New guidance on joint proprietorships

Monday, 21 January 2013
The Law Society and Land Registry have published a new practice note on the joint ownership of property.

The note is linked to the issue of a new Land Registry form called J0, following a series of judgements in the courts on shared ownership, typically where beneficial interest is disputed after cohabitees break up. Such situations have always caused uncertainty if the joint owners never made an express declaration of their interests, partly because Land Registry entries only record ownership of the legal estate, not the beneficial interest.

The two most prominent such cases are Stack v Dowden (2007 UKHL 17) and Jones v Kernott (2011 UKSC 53), which most practitioners regard as having increased rather than resolved the uncertainties. The latter found that cohabitants' beneficial interest in a property can change without their explicit intention, effectively overruling the existing statute law.

However, in the Stack v Dowden judgement, Baroness Hale made some comments that significantly changed the advice given to clients who are investing in a property jointly with others.
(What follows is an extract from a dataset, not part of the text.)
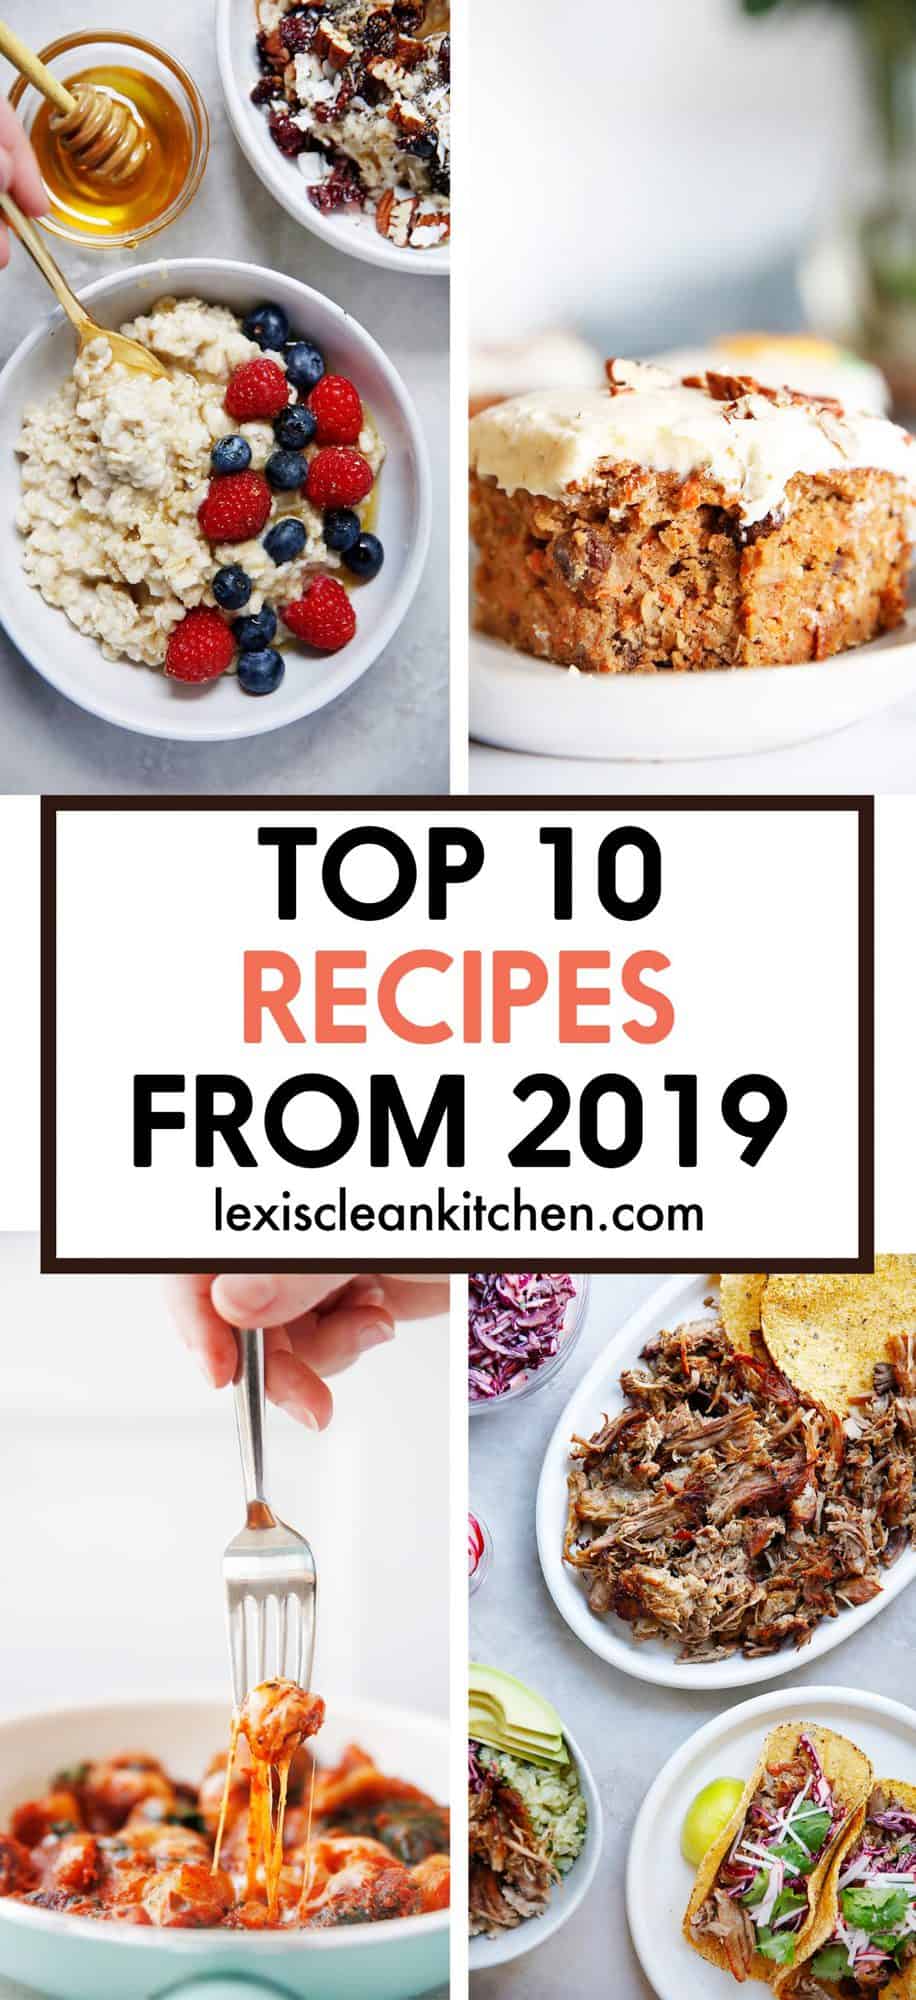 Top 10 Recipes of 2019

They should declaring interests at the outset of a transaction, thus providing clarity about the parties' intentions and perhaps avoiding disputes in the future.

The new guidance thus emphasises the importance of recording the intentions of the owners beforehand, especially if they are buying in unequal shares. It makes it easier for joint purchasers to make a declaration of trust in the short time between exchange of contracts and completion. It is also useful where the seller has already executed the transfer and the practitioner needs to retain possession of it until completion.

The Jones v Kernott decision raised additional issues that Form JO does not address and are not covered in the new practice note.